Just got pointed (by the lead author) to this new paper: PLOS ONE: phyloseq: An R Package for Reproducible Interactive Analysis and Graphics of Microbiome Census Data
The analysis of microbial communities through DNA sequencing brings many challenges: the integration of different types of data with methods from ecology, genetics, phylogenetics, multivariate statistics, visualization and testing. With the increased breadth of experimental designs now being pursued, project-specific statistical analyses are often needed, and these analyses are often difficult (or impossible) for peer researchers to independently reproduce. The vast majority of the requisite tools for performing these analyses reproducibly are already implemented in R and its extensions (packages), but with limited support for high throughput microbiome census data.
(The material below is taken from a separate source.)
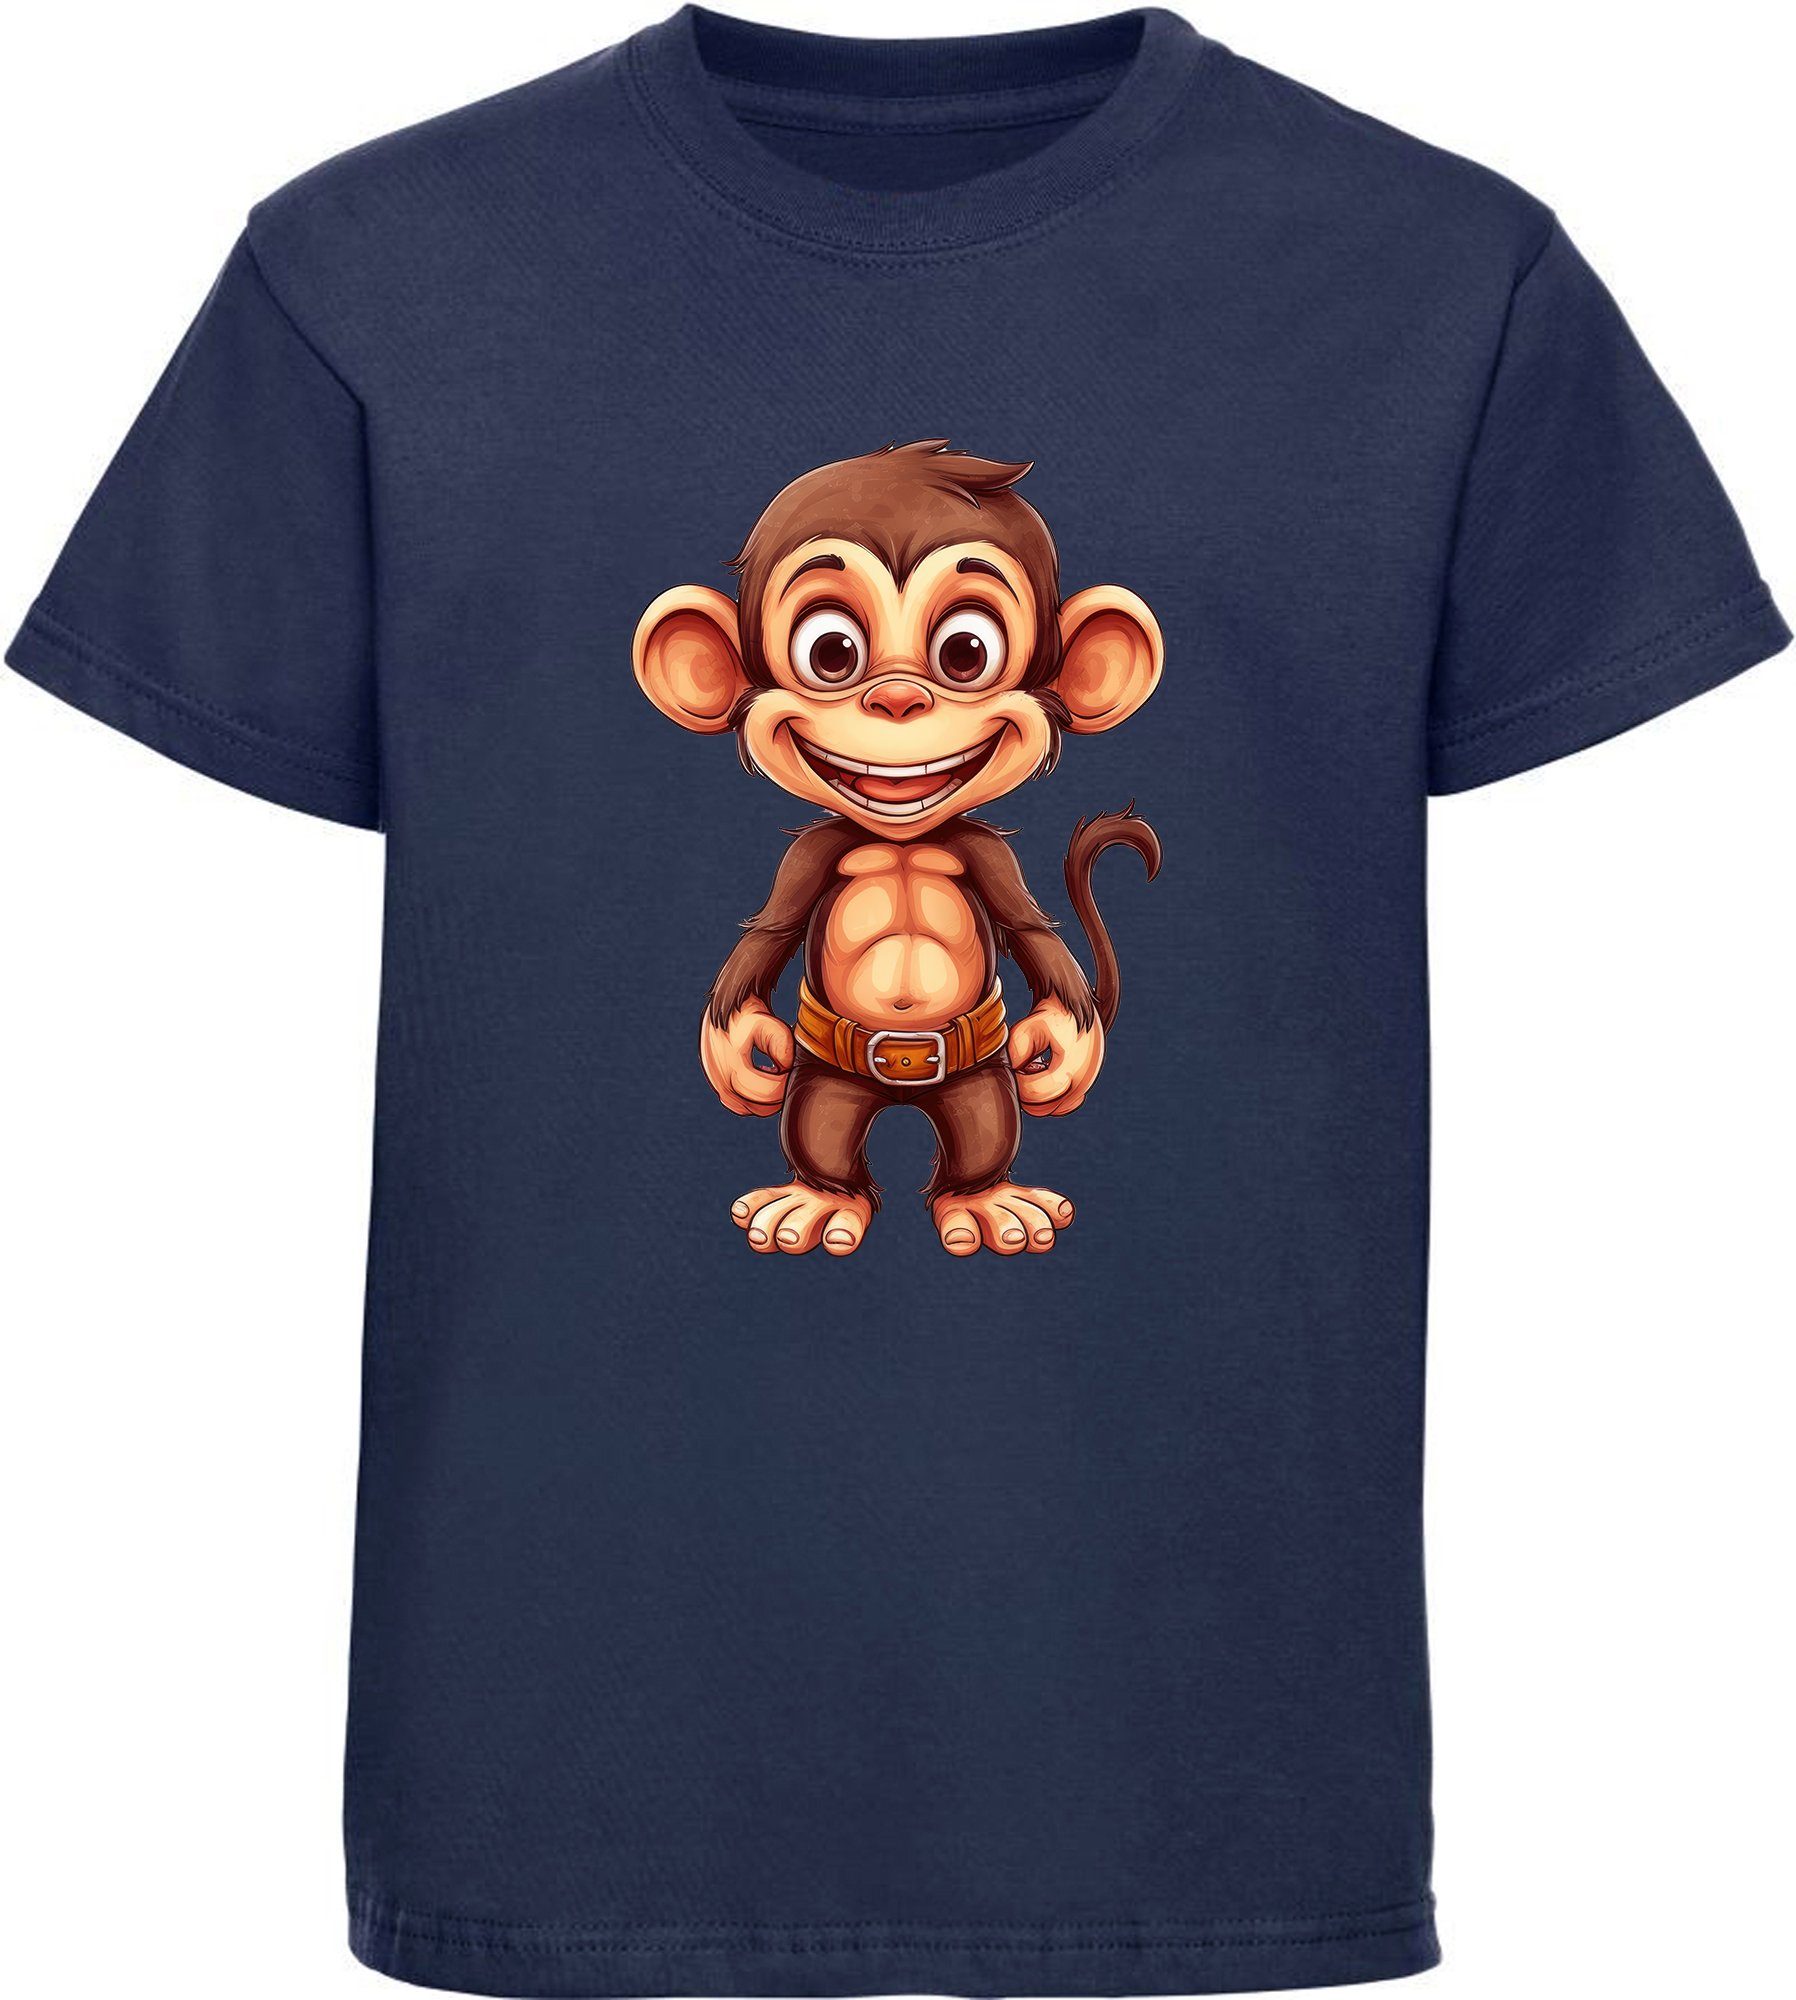 MyDesign24 T-Shirt Kinder Wildtier - Aufdruck, mit Baby Affe Print Shirt navy Baumwollshirt Schimpanse i276 bedruckt blau

Here we describe a software project, phyloseq, dedicated to the object-oriented representation and analysis of microbiome census data in R. It supports importing data from a variety of common formats, as well as many analysis techniques. These include calibration, filtering, subsetting, agglomeration, multi-table comparisons, diversity analysis, parallelized Fast UniFrac, ordination methods, and production of publication-quality graphics; all in a manner that is easy to document, share, and modify. We show how to apply functions from other R packages to phyloseq-represented data, illustrating the availability of a large number of open source analysis techniques. We discuss the use of phyloseq with tools for reproducible research, a practice common in other fields but still rare in the analysis of highly parallel microbiome census data. We have made available all of the materials necessary to completely reproduce the analysis and figures included in this article, an example of best practices for reproducible research.
The phyloseq project for R is a new open-source software package, freely available on the web from both GitHub and Bioconductor.
Seems similar in some ways to the WATERs Kepler Workflow that we released a few years ago. Anyway – if you use R and are into microbial diversity studies this may be worth checking out. As a bonus – it has a strong emphasis on reproducibility – which is a good thing.